Top of Study material

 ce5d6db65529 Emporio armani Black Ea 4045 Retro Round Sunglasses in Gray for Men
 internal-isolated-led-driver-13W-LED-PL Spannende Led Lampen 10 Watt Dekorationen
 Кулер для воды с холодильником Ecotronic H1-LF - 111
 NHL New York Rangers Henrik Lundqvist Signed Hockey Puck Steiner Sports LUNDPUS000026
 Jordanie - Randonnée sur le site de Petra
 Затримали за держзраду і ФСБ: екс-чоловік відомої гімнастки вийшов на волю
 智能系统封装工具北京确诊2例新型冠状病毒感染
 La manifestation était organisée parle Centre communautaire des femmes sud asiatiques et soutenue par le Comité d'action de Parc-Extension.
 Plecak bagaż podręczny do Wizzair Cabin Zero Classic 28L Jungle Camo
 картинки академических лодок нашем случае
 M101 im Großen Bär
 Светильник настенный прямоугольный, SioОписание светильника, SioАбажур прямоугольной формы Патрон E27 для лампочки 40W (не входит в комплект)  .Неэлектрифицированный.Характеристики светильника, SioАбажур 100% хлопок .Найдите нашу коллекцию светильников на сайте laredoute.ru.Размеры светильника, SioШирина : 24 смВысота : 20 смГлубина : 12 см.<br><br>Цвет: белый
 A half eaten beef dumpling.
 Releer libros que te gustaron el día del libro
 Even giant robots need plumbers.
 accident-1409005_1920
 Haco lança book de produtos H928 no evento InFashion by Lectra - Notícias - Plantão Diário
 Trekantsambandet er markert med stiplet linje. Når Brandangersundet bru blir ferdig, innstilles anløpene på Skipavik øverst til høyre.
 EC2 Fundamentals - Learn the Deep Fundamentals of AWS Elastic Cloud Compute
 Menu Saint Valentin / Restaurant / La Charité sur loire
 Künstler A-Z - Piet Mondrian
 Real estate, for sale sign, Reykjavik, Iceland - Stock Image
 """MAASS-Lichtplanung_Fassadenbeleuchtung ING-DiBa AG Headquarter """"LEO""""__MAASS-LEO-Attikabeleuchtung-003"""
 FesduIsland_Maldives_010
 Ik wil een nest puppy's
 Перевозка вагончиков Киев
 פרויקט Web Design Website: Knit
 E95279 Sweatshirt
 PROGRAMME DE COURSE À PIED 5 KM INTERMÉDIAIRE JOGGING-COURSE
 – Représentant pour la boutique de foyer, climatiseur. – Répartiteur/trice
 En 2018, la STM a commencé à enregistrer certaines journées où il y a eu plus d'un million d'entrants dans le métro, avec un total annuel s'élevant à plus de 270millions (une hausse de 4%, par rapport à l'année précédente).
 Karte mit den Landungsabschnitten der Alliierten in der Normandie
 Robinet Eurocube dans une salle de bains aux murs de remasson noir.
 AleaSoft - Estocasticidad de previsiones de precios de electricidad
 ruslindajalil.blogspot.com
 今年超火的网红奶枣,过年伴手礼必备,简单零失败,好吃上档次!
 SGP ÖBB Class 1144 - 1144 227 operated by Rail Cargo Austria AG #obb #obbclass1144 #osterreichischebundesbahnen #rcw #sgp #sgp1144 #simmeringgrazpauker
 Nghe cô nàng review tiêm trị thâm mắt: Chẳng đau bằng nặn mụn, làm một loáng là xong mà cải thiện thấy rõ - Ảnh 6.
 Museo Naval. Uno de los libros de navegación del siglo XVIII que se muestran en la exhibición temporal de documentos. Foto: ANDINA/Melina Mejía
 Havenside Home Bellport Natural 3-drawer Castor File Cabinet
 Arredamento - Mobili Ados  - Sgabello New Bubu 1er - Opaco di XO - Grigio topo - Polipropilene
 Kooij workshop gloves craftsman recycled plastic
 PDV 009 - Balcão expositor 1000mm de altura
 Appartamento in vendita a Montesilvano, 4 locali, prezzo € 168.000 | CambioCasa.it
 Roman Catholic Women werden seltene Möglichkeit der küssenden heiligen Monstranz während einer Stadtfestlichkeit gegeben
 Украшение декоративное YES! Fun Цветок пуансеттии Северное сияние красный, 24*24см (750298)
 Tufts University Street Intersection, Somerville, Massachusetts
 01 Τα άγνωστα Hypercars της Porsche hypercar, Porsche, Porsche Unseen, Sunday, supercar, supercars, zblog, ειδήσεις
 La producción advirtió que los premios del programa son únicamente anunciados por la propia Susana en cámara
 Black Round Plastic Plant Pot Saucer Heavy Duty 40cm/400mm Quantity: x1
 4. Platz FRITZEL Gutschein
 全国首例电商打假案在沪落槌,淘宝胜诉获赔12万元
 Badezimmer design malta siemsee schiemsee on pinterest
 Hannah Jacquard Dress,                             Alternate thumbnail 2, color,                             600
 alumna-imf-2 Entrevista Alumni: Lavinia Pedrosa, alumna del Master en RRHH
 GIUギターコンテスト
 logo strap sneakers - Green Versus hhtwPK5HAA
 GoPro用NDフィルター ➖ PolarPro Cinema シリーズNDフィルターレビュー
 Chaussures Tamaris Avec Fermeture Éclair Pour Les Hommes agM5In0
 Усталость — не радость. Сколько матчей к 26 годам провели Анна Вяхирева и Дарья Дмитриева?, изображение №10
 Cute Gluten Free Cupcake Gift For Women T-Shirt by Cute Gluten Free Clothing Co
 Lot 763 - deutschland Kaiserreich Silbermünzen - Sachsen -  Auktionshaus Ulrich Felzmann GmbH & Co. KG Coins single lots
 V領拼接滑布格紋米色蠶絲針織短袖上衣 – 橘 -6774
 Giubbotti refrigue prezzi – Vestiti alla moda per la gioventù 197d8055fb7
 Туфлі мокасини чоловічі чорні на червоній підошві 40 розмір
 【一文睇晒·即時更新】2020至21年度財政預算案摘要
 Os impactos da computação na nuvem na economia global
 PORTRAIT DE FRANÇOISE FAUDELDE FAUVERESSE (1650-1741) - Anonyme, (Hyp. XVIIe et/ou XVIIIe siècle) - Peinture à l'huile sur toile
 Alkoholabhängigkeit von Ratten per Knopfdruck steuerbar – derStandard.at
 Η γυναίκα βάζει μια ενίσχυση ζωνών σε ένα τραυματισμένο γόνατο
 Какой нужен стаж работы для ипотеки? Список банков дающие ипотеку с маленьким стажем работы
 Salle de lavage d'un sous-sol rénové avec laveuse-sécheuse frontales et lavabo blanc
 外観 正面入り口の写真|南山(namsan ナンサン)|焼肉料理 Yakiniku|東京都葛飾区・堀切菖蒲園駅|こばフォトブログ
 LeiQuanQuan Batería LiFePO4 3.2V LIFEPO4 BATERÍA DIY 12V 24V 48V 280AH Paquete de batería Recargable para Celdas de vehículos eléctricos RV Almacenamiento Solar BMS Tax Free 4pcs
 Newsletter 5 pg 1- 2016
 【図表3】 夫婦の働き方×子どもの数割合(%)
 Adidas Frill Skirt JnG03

Bottom of Study material

Your goal: Restate word for word the lines in the material above from the one with "ING-DiBa AG Headquarter" to the one with "PROGRAMME DE COURSE"; both of those lines count, and nothing else does.

Solution to the problem:
 """MAASS-Lichtplanung_Fassadenbeleuchtung ING-DiBa AG Headquarter """"LEO""""__MAASS-LEO-Attikabeleuchtung-003"""
 FesduIsland_Maldives_010
 Ik wil een nest puppy's
 Перевозка вагончиков Киев
 פרויקט Web Design Website: Knit
 E95279 Sweatshirt
 PROGRAMME DE COURSE À PIED 5 KM INTERMÉDIAIRE JOGGING-COURSE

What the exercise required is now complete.